Multimedya:
Jess Glynne, Take Me Home.
(Sözleri çok hoş değil mi?)
Merhaba. Upuzun bir bölüm getirdim sizlere. Gerçekten çok uzun oldu, ben bu kadar emek verirken doğal olarak da sizden oy ve yorum istiyorum.🖤 Lütfen eksik etmeyin. Üzmeyin beni yav.
🌊
33. Bölüm: "BİR KASIM GECESİ."
Bedenimiz, bazen ruhumuzun başında, o ruhun kıvranışını izler.
Acı, ruhun kapanışını yapana dek.
Bazen kelimeler pandora kutusunun içindeymiş gibi, asla dudaklarımızdan çıkmazdı. Bir akşam üstü, güneş gerisinde turuncumsu parıltılar bırakarak gökyüzünde kayıplara karışırken, pandoranın kutusu açılmak için adeta zaman kolluyor ve genç kadın, çektiği acı karşısında harap olmaktan fazlasını yapamıyordu. Ruhu, kaybetme korkusu içerisinde kıvranıyor ve bedenine yayılan tanımsız acı karşısında yardım dileniyordu.

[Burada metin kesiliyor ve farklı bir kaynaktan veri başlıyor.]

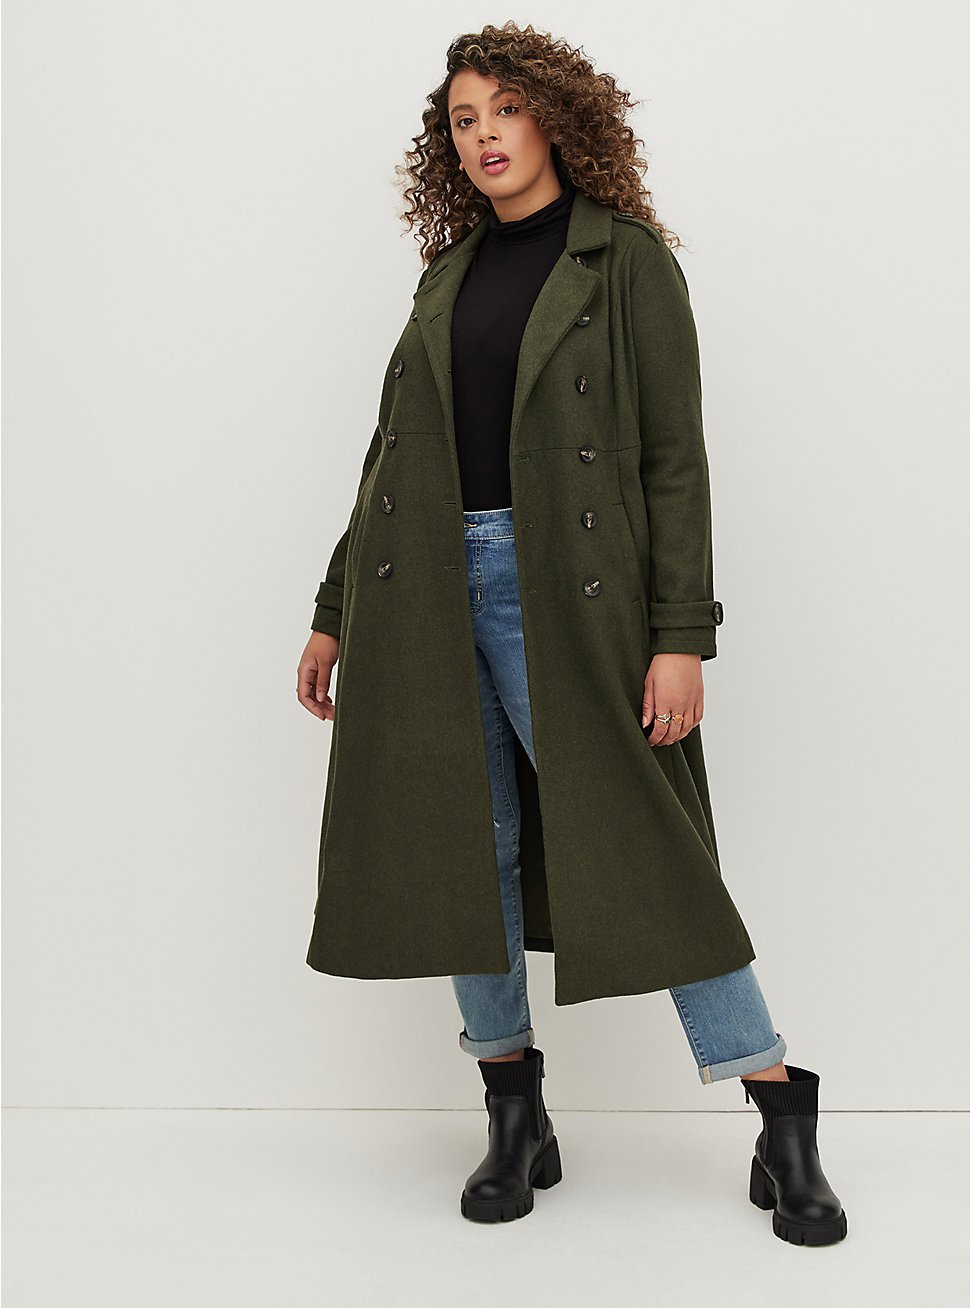 Fit & Flare Military Coat - Wool Olive Green, DEEP DEPTHS, hi-res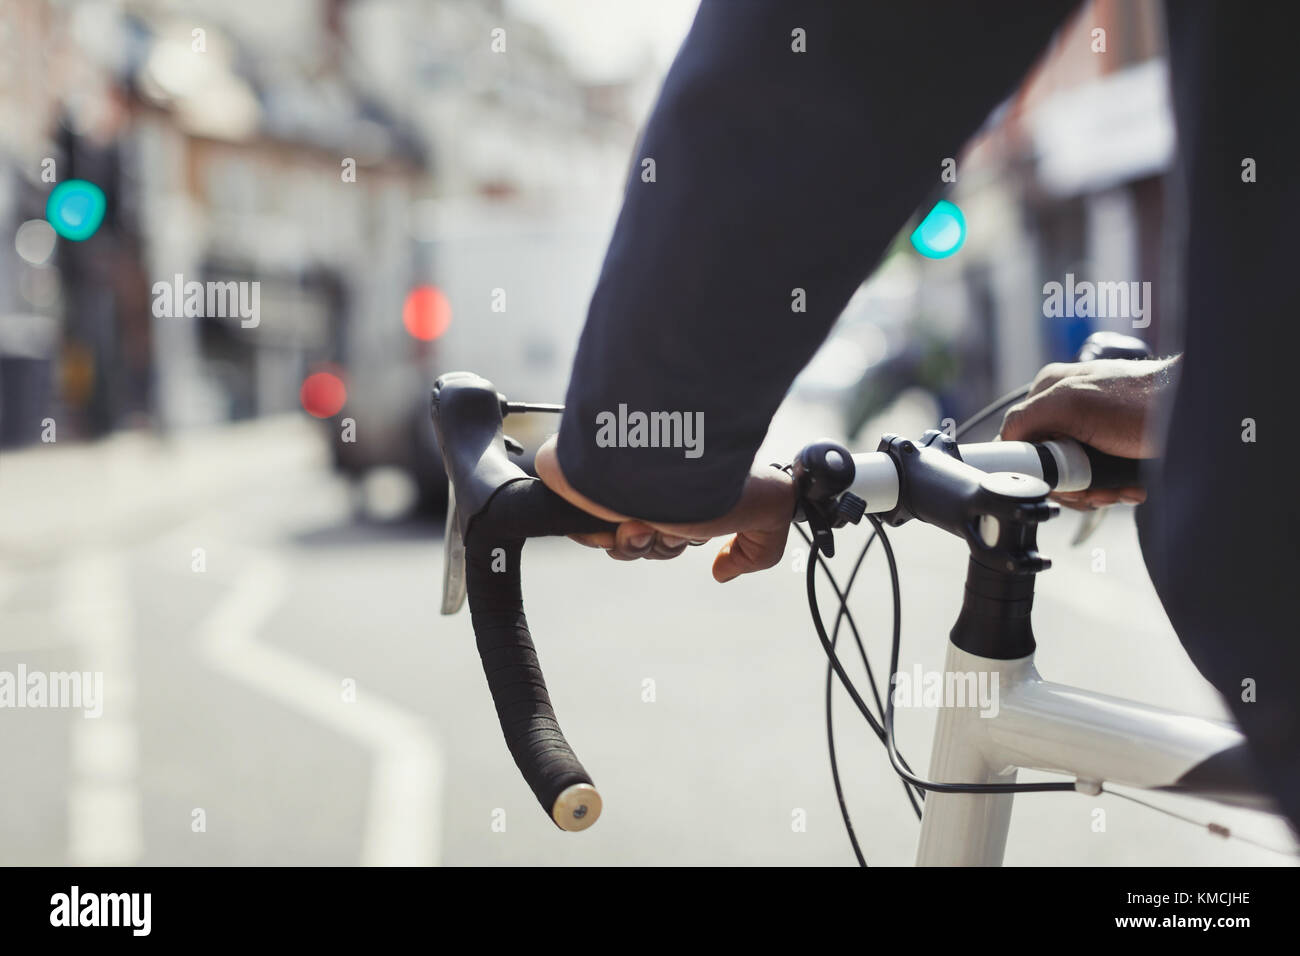 Hands on man on bicycle handlebars, commuting on sunny urban street Stock Photo

Olduğu yerin oldukça sapa olduğunu farkındaydı, burada insanlara rastlamanın zor olacağını biliyordu ama artık daha fazla ileriye gidemiyor, yürüyemiyordu. Sadece ağlıyordu ve konuşacak dermanı bile bulamıyordu. Fersiz ve bitkindi. Dakikalar boyunca ağlamış, etrafta kendisine yardım edecek birilerini aramış ama kimseye denk gelmemişti. Yerde, sırtını arabaya yaslamış vaziyette oturuyor, gözlerini kapatmamak için adeta direniyordu ve uyumadan kâbus görüyordu. Bir jilet bıçağı, adeta karnının içinde, bedenine kesikler atarak dönüyordu. Gözleri kapanıyor, eli halsizlikten uzanmak istediği şeye uzanamıyordu. Ilık ılık yaşlar gözlerinden bir nehir gibi taşarak yanaklarında coşuyor ve koynunu ısıtıyordu. Uyumak istiyordu ama gözlerini açık, bilincini ayık tutmalıydı. Göz yaşları içinde, akşam vaktine, gökyüzüne bakarken, "Yardım," diye inledi, dermansız bir şekilde. Takati kalmamıştı. "Lütfen birisi yardım etsin..."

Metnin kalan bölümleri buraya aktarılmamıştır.